Jason Christopher Childers™ - A Statement of Arts
I just watched a bunch of cockroaches fighting over a piece of bread. They were many, I was few. I thought about a suburban family arguing with teenagers at the dinner table, The Last Supper, poverty, nuclear resilience, etc... Synapses streamlined through unending connectivities as they fought and feasted—halting only momentarily for small dramas. In those short moments I both smiled and frowned. The tension was pleasant.
"One day I shall recreate this experience using art." I said without using words.

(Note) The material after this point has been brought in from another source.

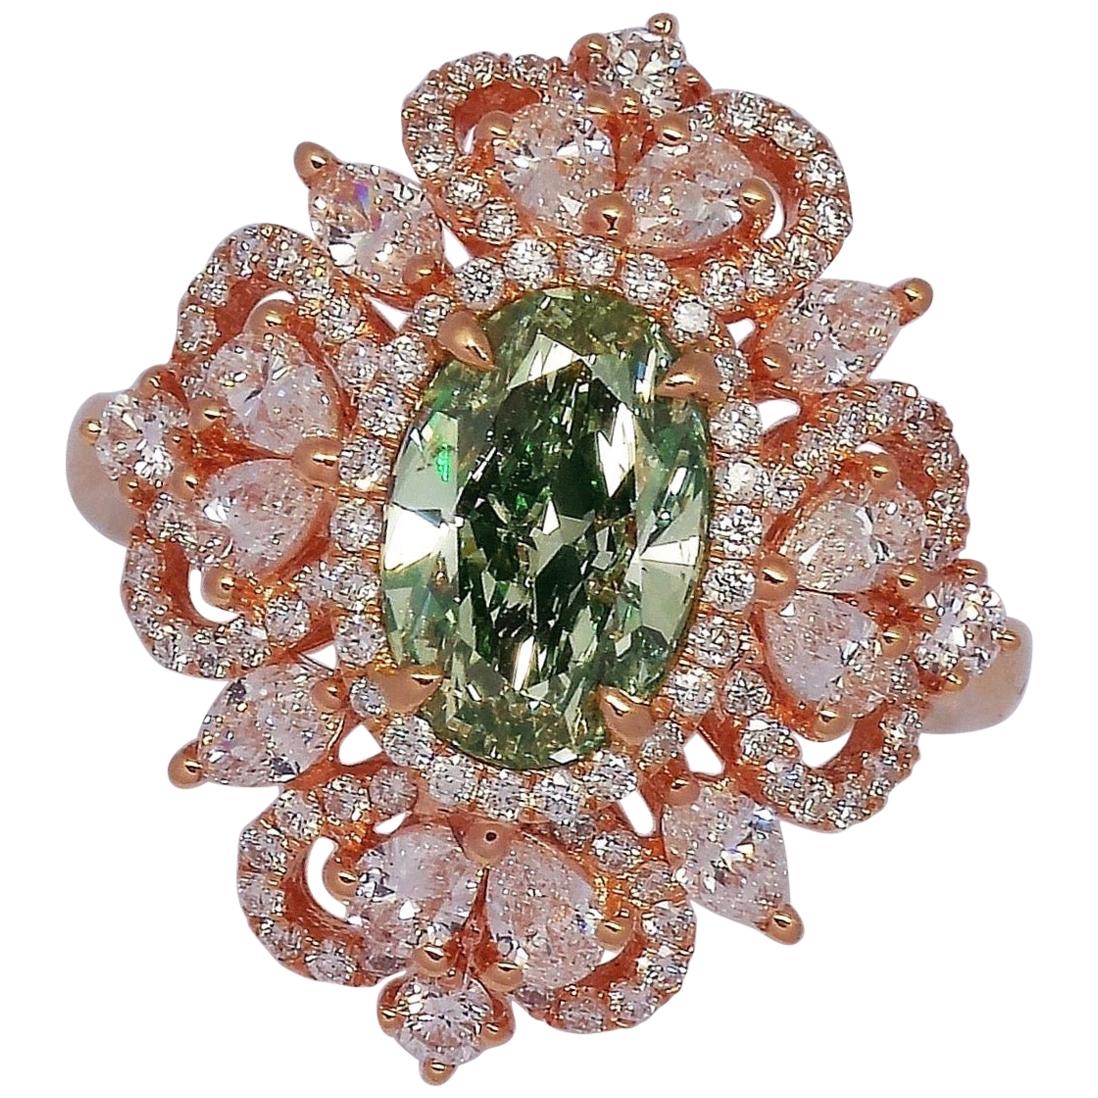 Emilio Jewelry, vert jauneâtre fantaisie certifié GIA de 1,75 carat

Sometimes the tragedy of existence is absurd, in the most normal things, and at once both horrific and laughable. My artwork represents bizarre meditations upon the absurdity of existence that manifest themselves in a wavering tension between the natural and the artificial. Elements of such absurd tensions are revealed in this short list describing the specific content of my work:
genetically modified mass produced meat objects (from creature to meat), confronting death while consuming life via glorified fish fry, dinosaur chickens unknowingly performing opera while eating gelatin on plastic grass, hundreds of dead fleas galloping in a dream amongst the buzz of a leaky a/c, living paintings-aesthetic fish objects, the sonic perspective of such fish objects, tactile polymer litter sand referencing superposition and a paradox of existence, and other various digital, political, and linguistic absurdities.
Absurdism lies at the heart of my practice. Merriam-Webster defines absurd as "having no rational or orderly relationship to human life." These irrational and disorderly relations to existence are at the core of my research and representations. I toe the line between the meaningful and meaningless while maintaining the idea that things don't always have to make sense to be significant.